The only way to 'evolve' a bombardier beetle is all at once -- one day, an ordinary beetle without a defensive spray system must give birth to a bombardier beetle. We're back to the millions of monkeys on a million typewriters, but now they have only a day to write the equivalent of megabytes of genetic coding. Not to mention the design of the cellular molecular machinery that will read the coding and construct the organism according to design specficiations.

Evolutionsts complain that their critics always present arguments with the phrase, "It is difficult to believe . . . . " But such criticism is an occupational hazard for those who insist on believing in very low probability events.



There is no absolute proof that the Cydonia Complex is artificial. We simply perform a probability calculation by stringing component probabilities together into a net probability, and find the value too low to accept that it all happened by chance. Biological design has no absolute proof, either. And again, we perform a probability calculation to determine our response.

It's ironic that evolutionists should accuse others of 'wishful thinking' and of falling prey to the fallacy of human intuition. Isn't it the ultimate wishful thinking to imagine we have figured out the mechanism of the universe? Isn't it usually the failing of human intuition to underestimate the amount of effort required to do useful work?

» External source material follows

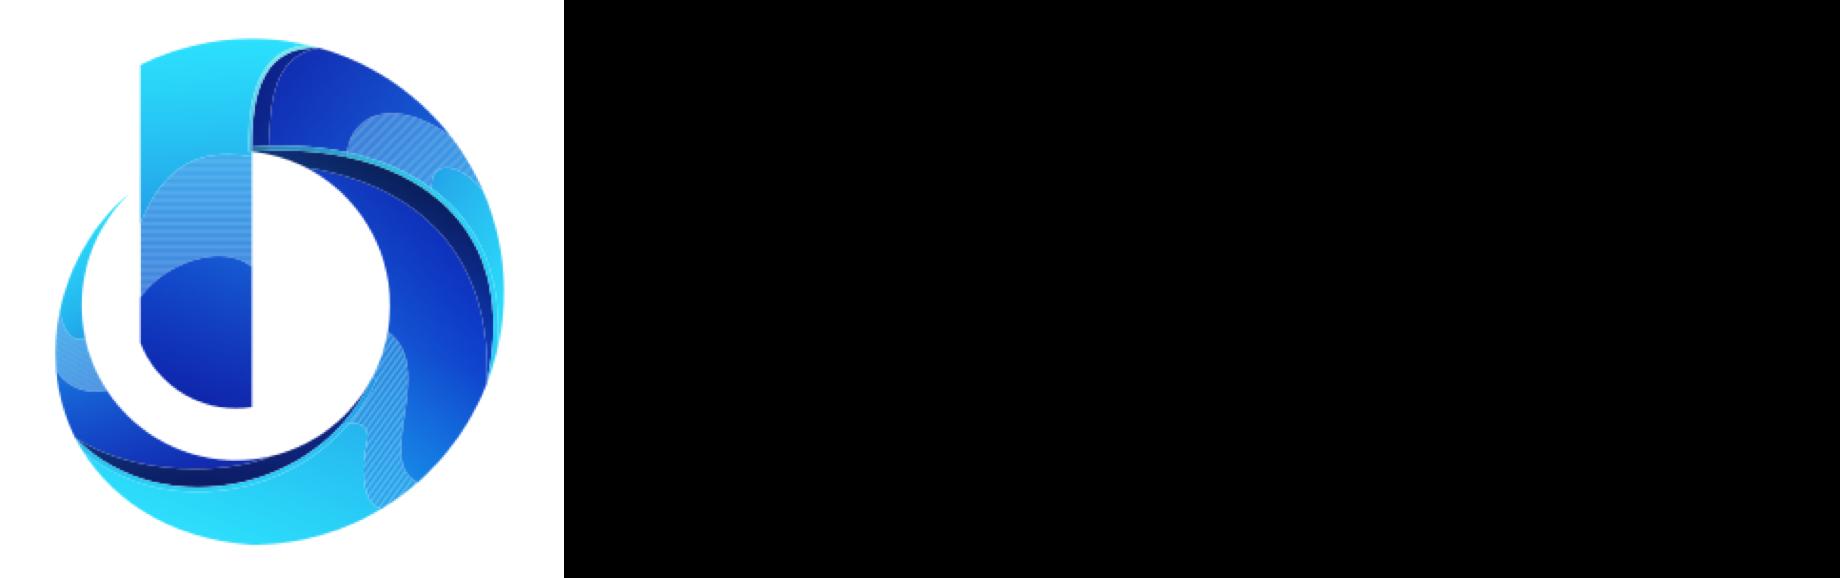 D-debtriever-logo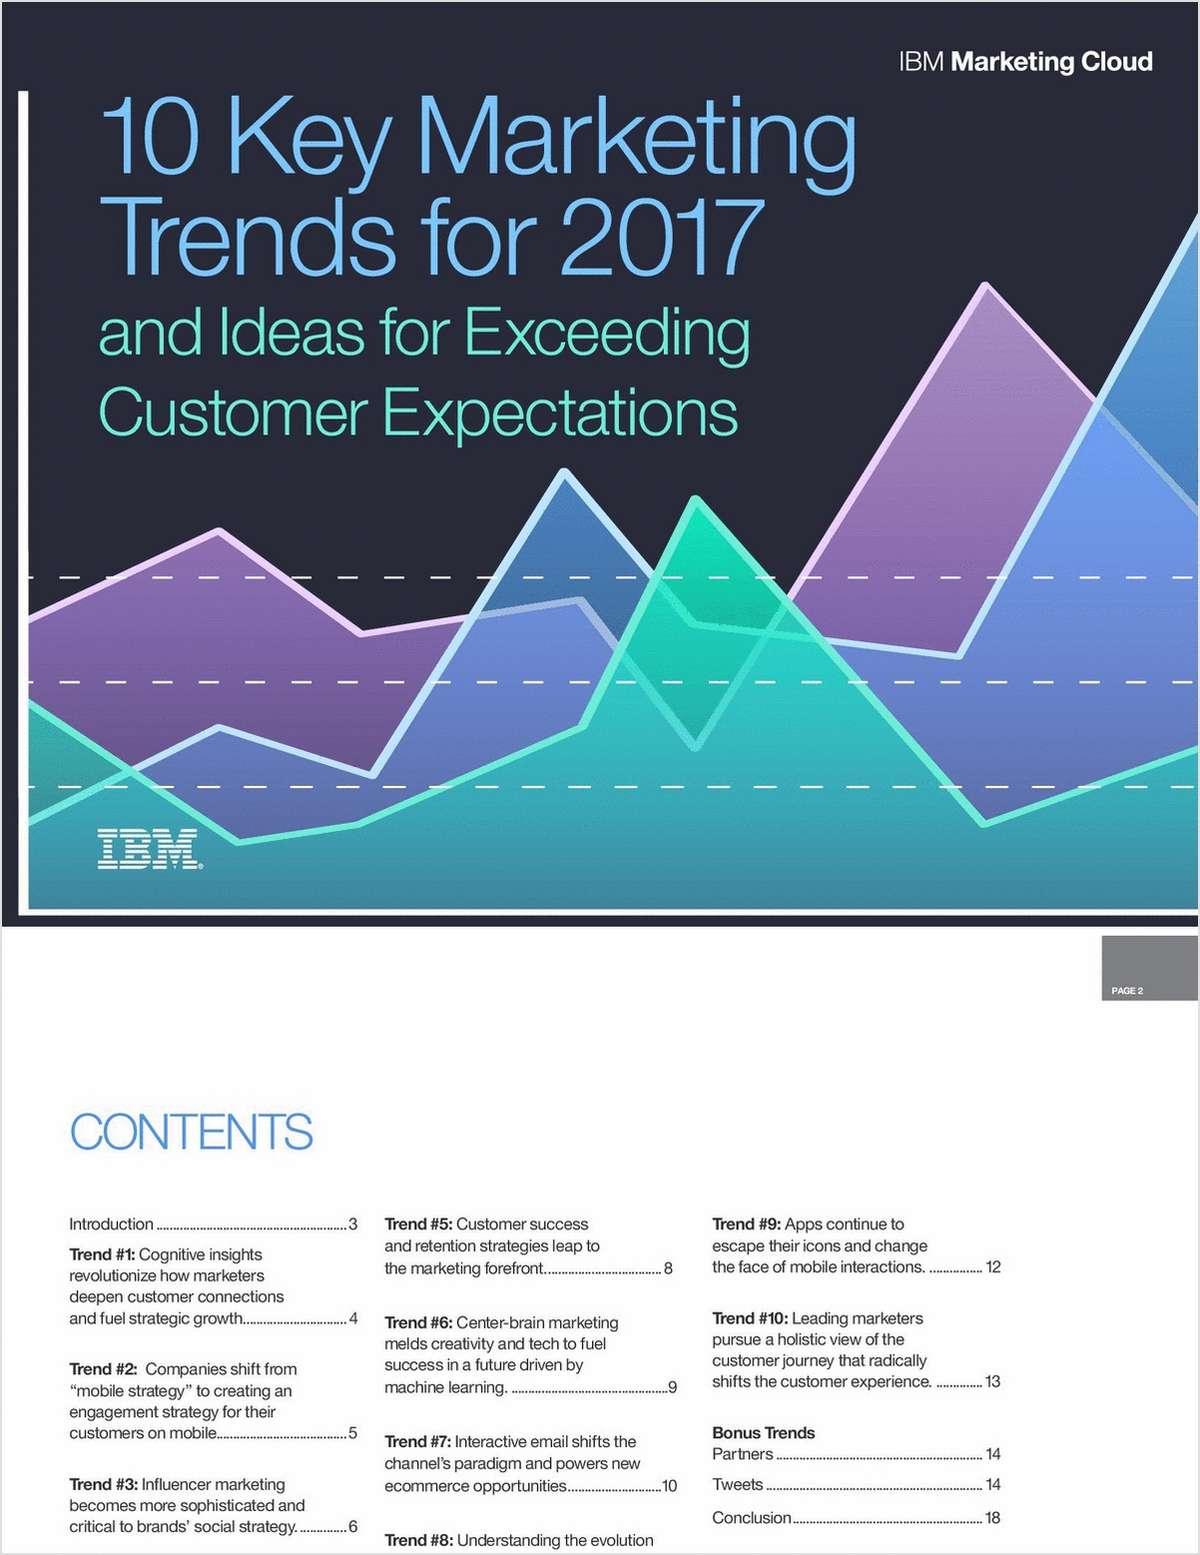 http://magz.tradepub.com/free-offer/10-key-marketing-trends-for-2016/w_silc35?sr=hicat&_t=hicat:1211

Evolutionary doctrine has been pursued with religious fervor. It claims to be scientific, but what scientific advancement has depended on evolutionary doctrine? Evolution can only be justified in terms of itself: evolutionary knowledge is to be pursued for its own sake, because 'all knowledge is worth knowing.' But how do we know that evolutionary doctrine is knowledge?

At Cydonia, evolutionary doctrine has gotten in the way of scientific advancement. It's not the first time. Genetics was hampered for decades by the now-discredited evolutionary notion of inheritance of acquired characteristics. Biological science was held back by evolutionary belief in embryonic recapitulation. And the health of millions of people was recklessly jeopardized by evolutionary theories which asserted the body must be full of 'vestigial organs' from evolutionary mistakes, and that the tonsils were an example of vestigial organs, and ought to be immediately excised from the body. Evolution is no help even to natural history. Paleontologists ignore evolution in their classification schemes, and geologists have found evolutionary theories useless in the hunt for oil and coal deposits.

The breakdown of evolution on the sands of Mars is just one more failure. Evolution is dead as a science, and lingers on only through blind faith.